Lawyers were particularly affected, especially those who defended people in anti-Communist proceedings. Whatever their own political beliefs, such lawyers were perceived as sharing those of their clients. Of course, some attorneys were or had been Communists. Like other middle-class professionals, many lawyers had been attracted to the party during the 1930s and 1940s. Many of them belonged to the cohort of talented liberal and left-wing attorneys who had staffed the New Deal agencies or worked with the CIO. By the late 1940s most them had left the government and the mainstream unions and were trying to establish themselves in private practice. The few members of the legal profession willing to handle the cases of Communists suffered economically. Their other clients, fearful of being stigmatized by attorneys who were publicly identified with the national enemy, went elsewhere. The political dissidents, deportees, and left-led unions that provided the core of their business were usually too forced major revisions in the port security program, for example. Insolvent to pay much, if anything.

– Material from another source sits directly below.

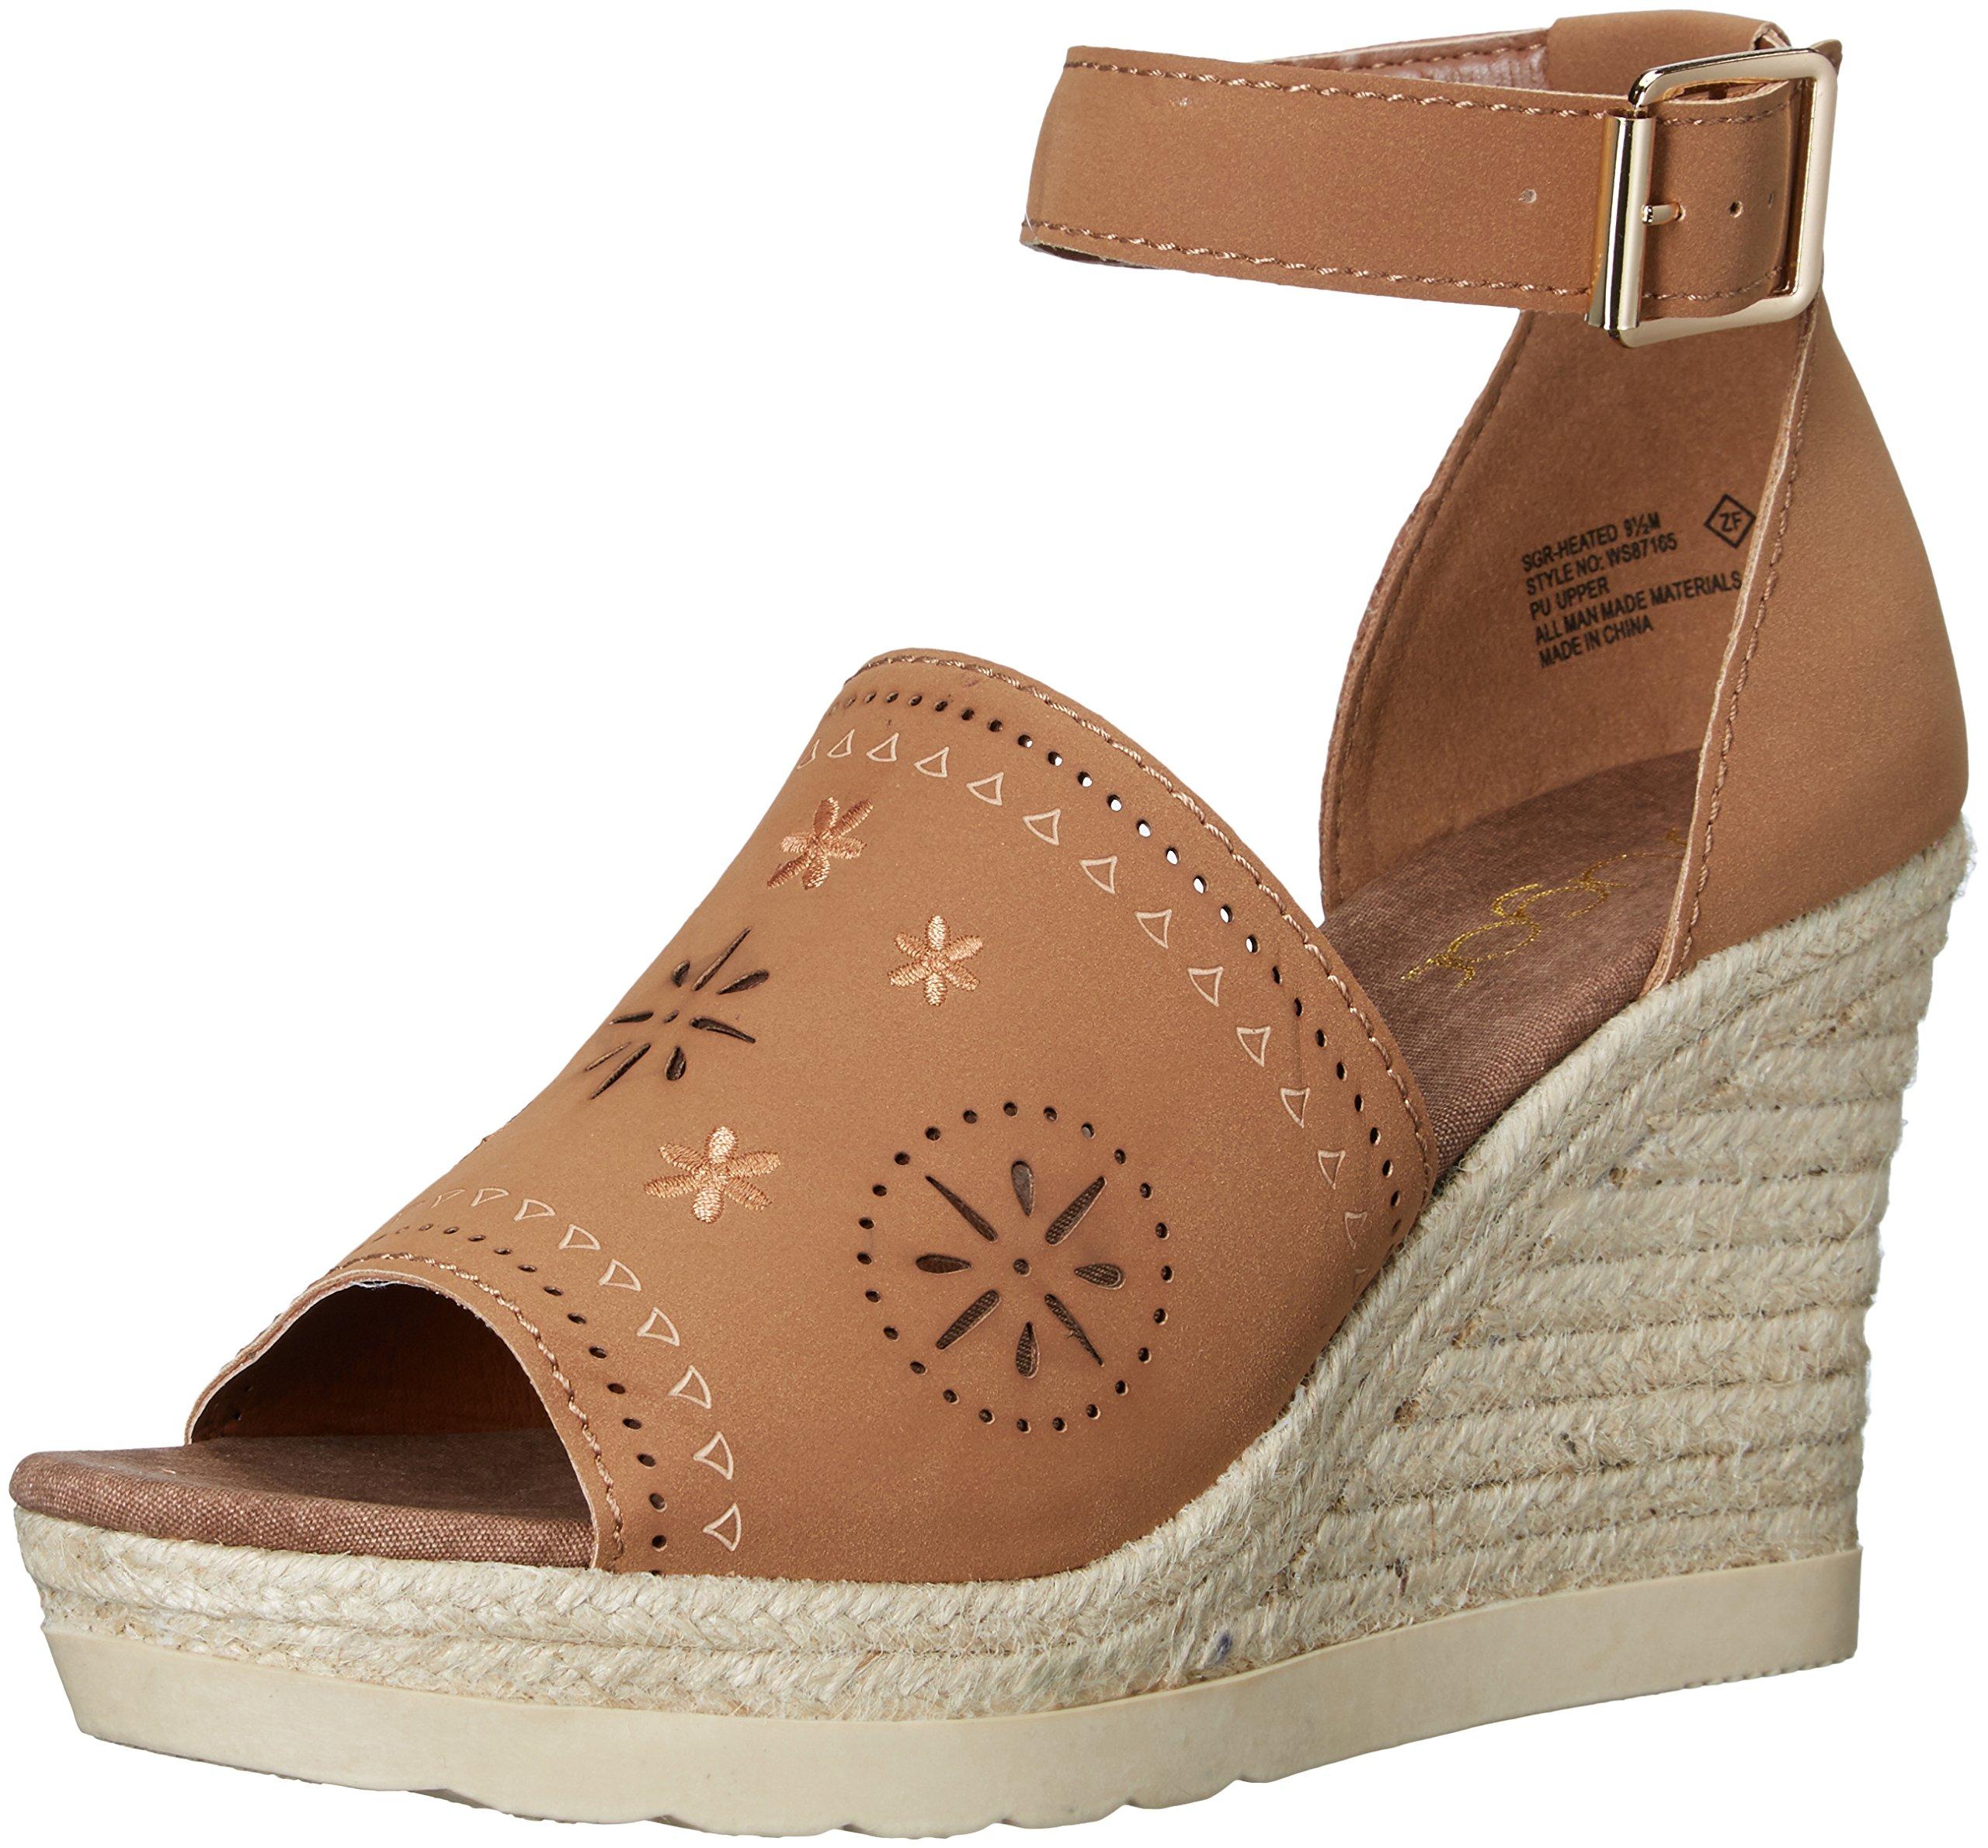 Sugar Women's SGR-Heated Espadrille Wedge Sandal, Honey Nubuck, 7 M US
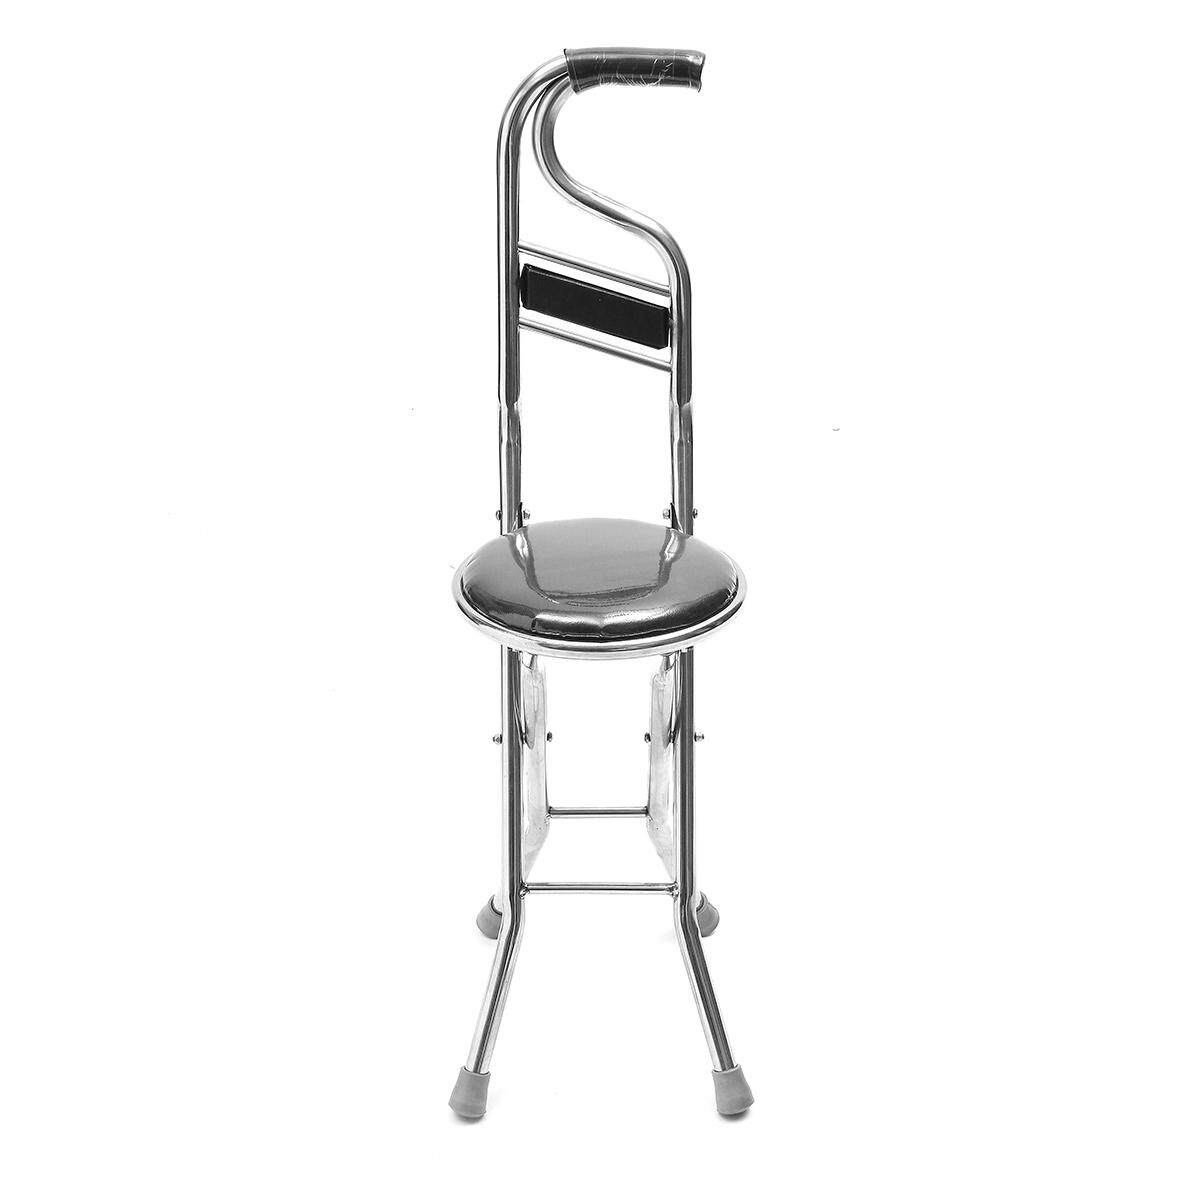 Stainless Steel Portable Folding Walking Stick Chair Seat Stool Travel Cane # Black

Worse than the loss of clients and income was the possibility that defending the party might land them in jail or get them disbarred. The lawyers who represented the Dennis defendants were not the only attorneys to be charged with contempt of court as the result of their efforts during a Communist trial. Nor were they the only lawyers threatened with disbarment because of their politics. As the testimony of a Bay Area attorney reveals, the problems such lawyers faced made it particularly difficult for the protagonists in anti-Communist proceedings to find legal representation, especially if they did not want a known left-winger. Some of the defendants in the second round of Smith Act trials were rejected by more than two hundred attorneys.

Unlike the academic world and film industry, which were under outside pressure, the legal profession undertook to oust its tainted members on its own. The initiatives came from conservative attorneys associated with the anti-Communist network. The American Bar Association (ABA) set up a Special Committee on Communist Tactics, Strategy, and Objectives to ensure that alleged subversives did not penetrate the legal profession. The association also adopted resolutions against allowing Communists and, later, Fifth Amendment witnesses to practice law. These resolutions, coming as they did from the organized voice of a highly respected profession, carried considerable weight. To implement them, national and local bar associations worked closely with HUAC, the FBI, and the rest of the anti-Communist network to screen applicants and begin disbarment proceedings against the more radical members. Few succeeded.

Important members of the legal establishment (and not just the targeted attorneys) opposed these ousters. After all, lawyers did have a traditional commitment to and understanding of civil liberties, as well as a professional responsibility to represent all types of clients. By the mid-1950s some eminent lawyers were concerned about protecting the public's right to counsel and refused to countenance political disbarments. Even more important, in a few instances local bar associations and attorneys from major law firms in cities like Philadelphia, Denver, and Cleveland had begun to take on Communist cases. Such gestures, coming from leading members of the bar, contributed to the lessening of the McCarthyist furor--even if they did not necessarily win their clients' acquittal.